Other Municipal Securities

   The Fund intends to invest a substantial portion of its assets in
longer-term municipal bonds, but it may, although it does not currently intend
to do so, invest in municipal notes, which may be either general obligation or
revenue securities. These securities are intended to fulfill short-term capital
needs and generally have original maturities not exceeding one year.

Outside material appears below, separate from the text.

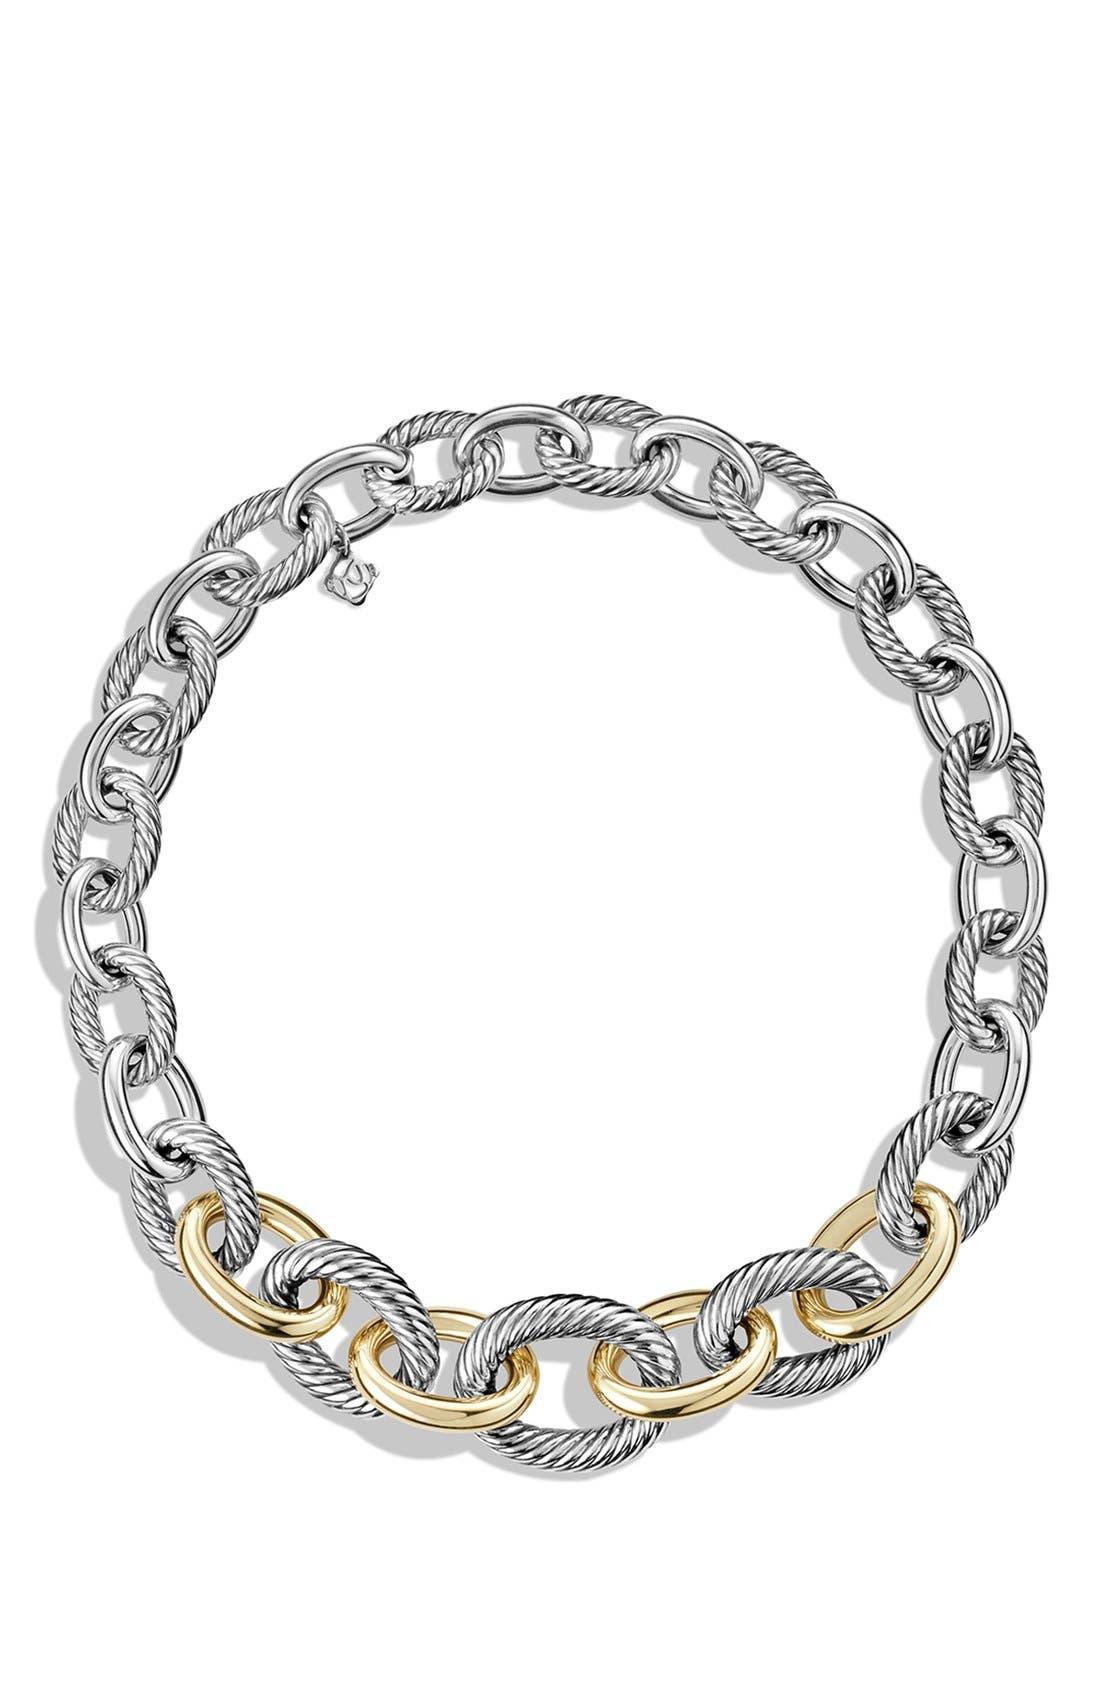 DAVID YURMAN 'Chain' Medium Oval Necklace with 14K

   Municipal notes in which the Fund may invest include demand notes, which are
tax-exempt obligations that have stated maturities in excess of one year, but
permit the holder to sell back the security (at par) to the issuer within one
to seven days' notice. The payment of principal and interest by the issuer of
these obligations will ordinarily be guaranteed by letters of credit offered by
banks. The interest rate on a demand note may be based upon a known lending
rate, such as a bank's prime rate, and may be adjusted when such rate changes,
or the interest rate on a demand note may be a market rate that is adjusted at
specified intervals.

   Other short-term obligations constituting municipal notes include tax
anticipation notes, revenue anticipation notes, bond anticipation notes and
tax-exempt commercial paper. Tax anticipation notes are issued to finance
working capital needs of municipalities. Generally, they are issued in
anticipation of various seasonal tax revenues, such as income, sales, use and
business taxes. Revenue anticipation notes are issued in expectation of receipt
of other types of revenues. Bond anticipation notes are issued to provide
interim financing until long-term financing can be arranged. In most such
cases, long-term municipal bonds provide the money for the repayment of the
notes.

   Tax-exempt commercial paper is a short-term obligation with a stated
maturity of 365 days or less (however, issuers typically do not issue such
obligations with maturities longer than seven days). Such obligations are
issued by state and local municipalities to finance seasonal working capital
needs or as short-term financing in anticipation of longer-term financing.

Derivatives

   The Fund may use derivatives. Derivatives are financial contracts whose
value depends on, or is derived from, the value of an underlying asset,
reference rate, or index. These assets, rates and indices

                                      11



may include bonds, stocks, mortgages, commodities, interest rates, bond indices
and stock indices. Generally, there are four types of derivative
instruments--options, futures, forwards and swaps--from which virtually any
type of derivative transaction can be created. While the Fund does not
currently intend to utilize any of these types of derivative instruments, it
reserves the flexibility to use these techniques under appropriate
circumstances. Derivatives can be used to earn income or protect against risk,
or both. The Fund may use derivatives to earn income and enhance returns, to
hedge or adjust the risk profile of its investment portfolio, or to obtain
exposure to otherwise inaccessible markets. The Fund will generally use
derivatives primarily as direct investments in order to enhance yields. Each of
these uses entails greater risk than if derivatives were used solely for
hedging purposes. The successful use of derivatives depends upon Alliance's
ability to assess the risk that a derivative adds to the Fund's portfolio and
to forecast price and interest rate movements correctly. Since many derivatives
may have a leverage component, adverse changes in the value or level of the
underlying asset, rate or index can result in a loss substantially greater than
the amount invested in the derivative.

   Futures Contracts and Options on Futures Contracts. While the Fund does not
currently intend to do so, it may buy and sell futures contracts on municipal
securities or U.S. Government securities and contracts based on interest rates
or financial indices, including any index of municipal bonds or U.S. Government
securities.

   Options on futures contracts are options that call for the delivery of
futures contracts upon exercise. Options on futures contracts written or
purchased, and futures contracts purchased and sold, by the Fund will be traded
on U.S. exchanges and will be used only for hedging purposes.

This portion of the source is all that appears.